Minimum Energy Efficiency Standards
April is typically a busy month for new regulations in the property sector and 2020 will be no different. This is another extension of an existing rule. Since April 2018, landlords letting a property to new tenants had to ensure the property had an energy efficiency rating of at least an E. From April this year, this rule applies to all tenancies, unless the property has been made exempt.
It’s worth noting that the EPC ratings only go down to a G, so in many cases this shouldn’t be a problem. It’s also useful to know that if works to improve the EPC rating of your rental property to an E or above are particularly expensive, a landlord can apply for an exemption.
Capital Gains Tax, Lettings Relief
Also in April 2020, will be a change to the way Lettings Relief can be claimed, with regards to Capital Gains Tax (CGT) calculations upon the sale of your rental property.
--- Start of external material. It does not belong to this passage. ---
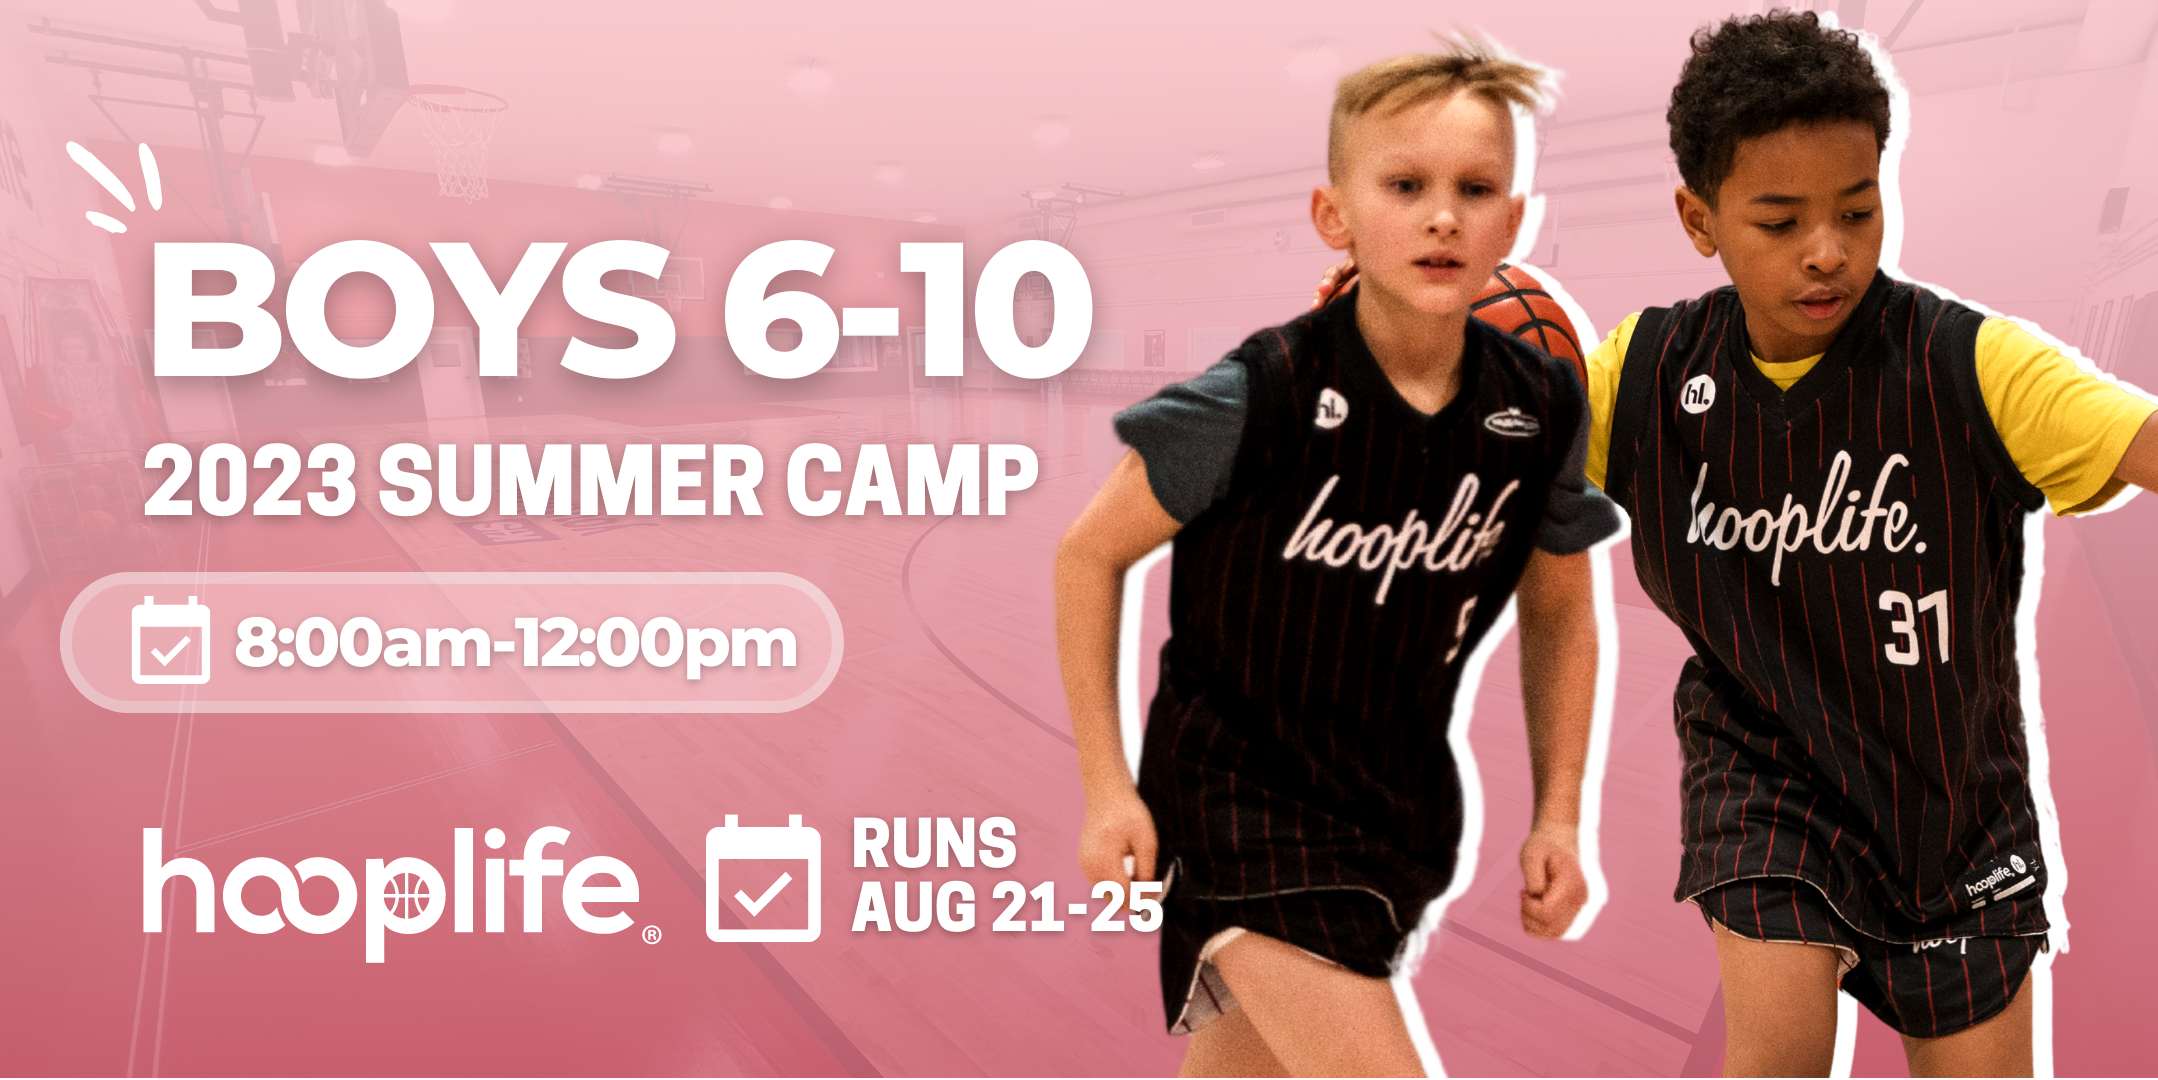 Boys 6-10 Summer Camp | Aug 21-25

CGT is a tax payable on the profit you make on an investment property, when you sell it.
Until now, for those landlords who initially lived in their property before moving out and turning it into a rental home, it was possible to claim Lettings Relief and only pay CGT on any profit made on the property after the landlord-owner moved out and also in the last 18 months before the sale.
Now, it’s only possible to claim Lettings Relief against CGT if you share your rental property with your tenants and on the final nine months you own the property before the sale.
In addition, from April 2020, property investors must pay their CGT bill within 30 days of selling the property, rather than having until the next tax year to do so.
Compulsory CMP for Letting Agents
In a bid to clamp down against money laundering through property, from April 2020, all UK Letting Agents must become members of an official Client Money Protection Scheme. This scheme insures any monies paid in relation to rental properties by both the landlord and the tenants.
That way, if an agent steals that money, the landlord and tenant are both covered and will be able to reclaim their funds.
Tenant Fees Act Extension
Following the initial introduction of the Tenant Fees Act in June 2019, where all new tenancies had to follow the rules in this legislation, from June 2020 ALL tenancies, regardless of when they were agreed must also be in line with the Tenant Fees Act.
Here is a handy rundown of the rules of the Tenant Fees Act you need to adhere to and also, the differences for landlords and letting agents operating in England and Wales.
These five pieces of legislation might already be on your radar and under control. However, if they’re not don’t panic, you still have enough time to get yourself up-to-date and operating within the rules before they’re extended or come into force.